A common solution is to use a cloud storage service, hosted by some large multinational company.

What could be the issues with this approach?

This company may:

disappear or simply decide to stop offering this service
have technical issues that make your data unavailable
decide that your content is against its new terms of service and delete it
prevent some members or entire countries from accessing the service
etc.

Picking a company for your community's needs means having to trust that this company will continue offering the service to all your members without restrictions, for a very long time.

This is what we call a centralized approach: a single entity is in charge of everything, and users need to trust that it won't unilaterally stop offering the service as you expect. Unfortunately, you can never fully trust a single entity.

Decentralized approach

Avoiding the issues that come with centralization means using decentralization: splitting the responsibility of the service between many entities, so that no small group of entities may prevent any user from using the service.

How would you design a simple decentralized architecture to store the community's data and make it available?

First, let's assume that many members of the community each have a single computer that they dedicate to this service. The community will have to agree on what software to run on these computers. We will call each running instance of this software a node.

For a very basic architecture, we could have every node:

store all of the data from the community
be able to communicate with every other node (know each node's IP address).

To upload data, for example a file, members would simply send that file and its name to every other node, which would then store it.

To download data, a member could send a request for the file having a given name, to any of the nodes, and that node would send it to them. If for some reason, the node is not available or rejects the request, they can simply try with another node.

To join the community, a new user would just need to know the address of one node, request the list of all the other nodes, the list of all files, and start downloading their content.

As long as one node is still running the software, and a member is connected to the internet, they will be able to download the content.

Potential issues

This simple approach presented above has a few issues. Can you think of some?

Here are some of the main issues:

two members could use the same name for a file
as the community grows, the bandwidth required to send files to every node becomes prohibitive
when nodes are temporarily unavailable, they will miss some files and become desynchronized
bad members could:
- send the wrong data, for a given download request
- saturate the node by sending too much data or too many requests

Can you think of ways to improve our architecture to prevent these issues?

Ensuring that nodes store/send the right data

There is a risk that two members upload different files with the same name.

If they start uploading these files to nodes in different orders, some nodes will store the first member's file, while others will store the other one. Fixing this situation after the fact is complicated, so we need to prevent it.

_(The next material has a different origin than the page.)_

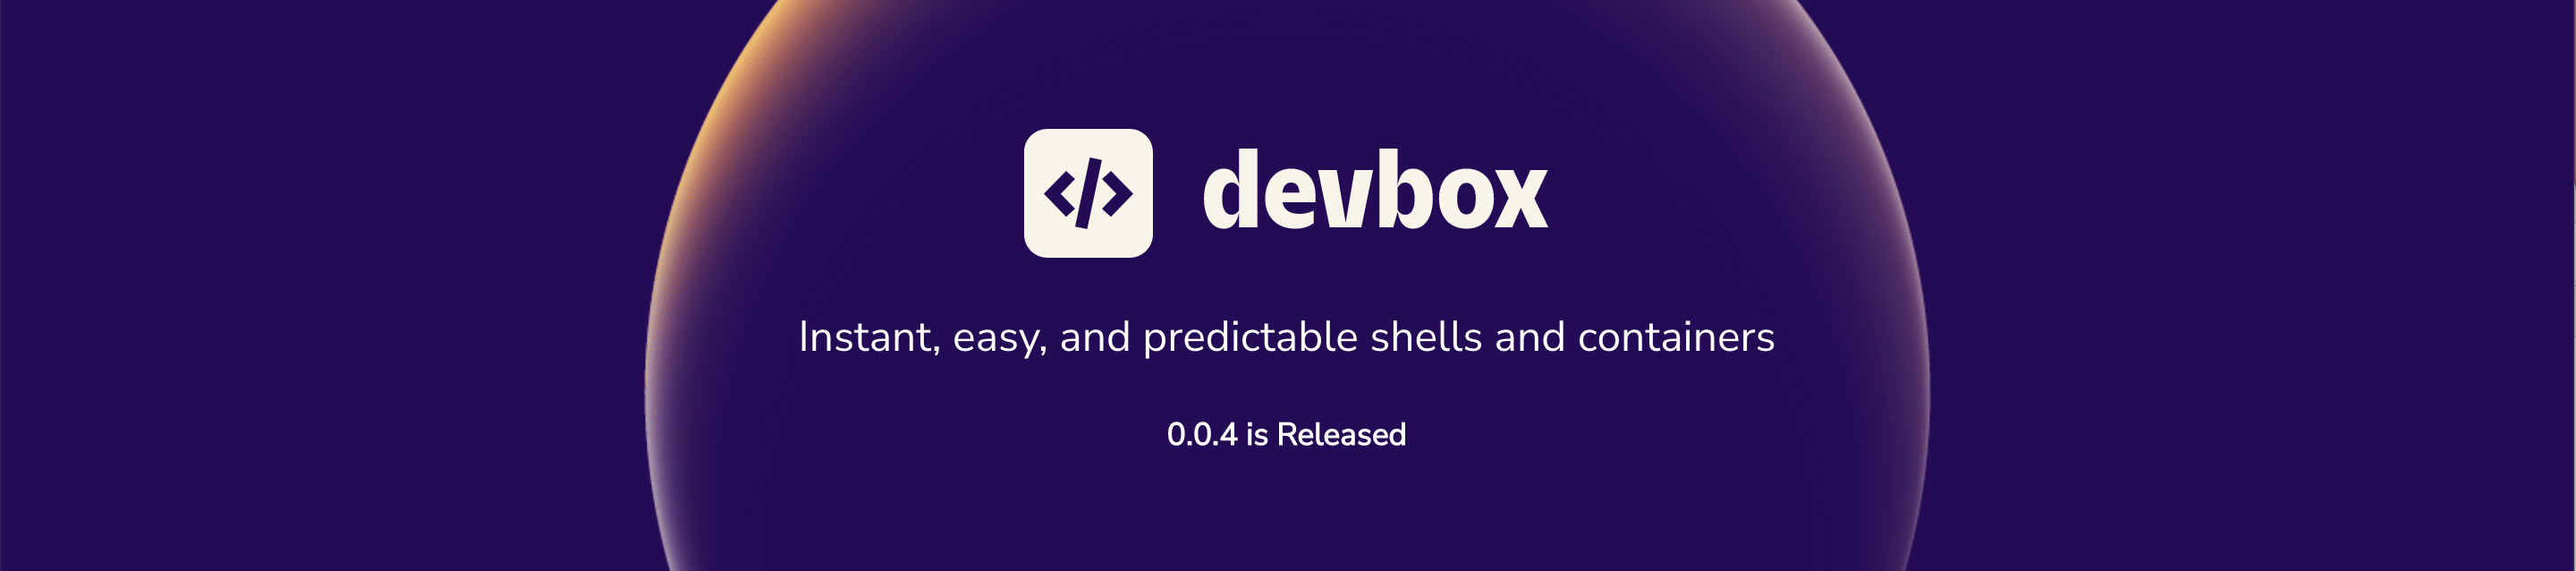 Devbox 0.0.4 is released!

Sending files to the nodes always in the same order would not work when some nodes are temporarily disconnected or have very slow connections.

We need to ensure members always use different names for different files.

One way to generate a unique name is to produce a random sequence of characters. If the sequence is long enough, two members will never generate the same name, unless one does it on purpose.

However, we also need to make sure the data sent by a node is the original file, exactly as intended by its author. We want to be able to detect any node's attempt to send invalid data.

Cryptography provides a solution: Identify the file using the hash of its content, instead of a name.

A hash has the property that in practice, two different files will always have different hashes, and after downloading a file, you can compute the hash of its content, then verify that it matches the one you requested.

Cryptographic hashes

Blockchains make heavy use of cryptography to ensure a high level of security. One cryptographic primitive often used in a blockchain, including as a key component of the chain structure itself, is cryptographic hashing.

A hash is a sequence of bytes that is the output of a hash function, where the input is an arbitrarily large piece of data.

There are many types of hash functions with different properties, but most share these three main ones:

the size of the hash is limited, typically from a few bytes to a couple of hundred bytes
changing a single bit of the input significantly changes the output, which makes it look random
given the same input (and sometimes for a given value of an internal seed), hash functions always produce the same hash (determinism)

In blockchains, we use cryptographic hash functions. Such hash functions have these additional properties:

collision resistance: it is unfeasible in practice, to find two different inputs that yield the same hash,
pre-image resistance: it is also unfeasible to find an input (pre-image) that outputs a given hash, with no better strategy than trying every possible input and computing its hash.

With these properties, the hash of some data can be seen as a unique fingerprint that identifies this data.

Tezos uses BLAKE2b, a cryptographic hash function that takes any sequence of bytes as input and produces 32 bytes (256 bits) hashes. Another well-known example is SHA256.

As an example, here is the hash of the small string "Cake", expressed using 64 hexadecimal digits:

cecef07bea32870c90c29b678f46b61b046b1ba1b16cc0b875661bfea0a10755

And here is the hash of a longer string: 05624b116c3e4f6dac5a74de5014e38d2bda5c8c5c26ab5e2f1a365c5d9e0c61

Note that the two hashes are completely different, but both are 64 digits long.

You have probably already used hashes without knowing it. Indeed, when you download a file on your computer, some browsers check the hash of the downloaded file and compare it to the hash announced by the source before download. If the two hashes match, it means that the file you have downloaded is a perfect match to the one intended to be sent by the source. If the hashes don't match, your download has been corrupted. You can try this out manually by downloading the latest release of Ubuntu, computing the hash of the downloaded file, and comparing it to the one announced on their website.

Reducing bandwidth needs

With a centralized approach, a member only has to upload new content once to the central entity, therefore minimizing bandwidth needs.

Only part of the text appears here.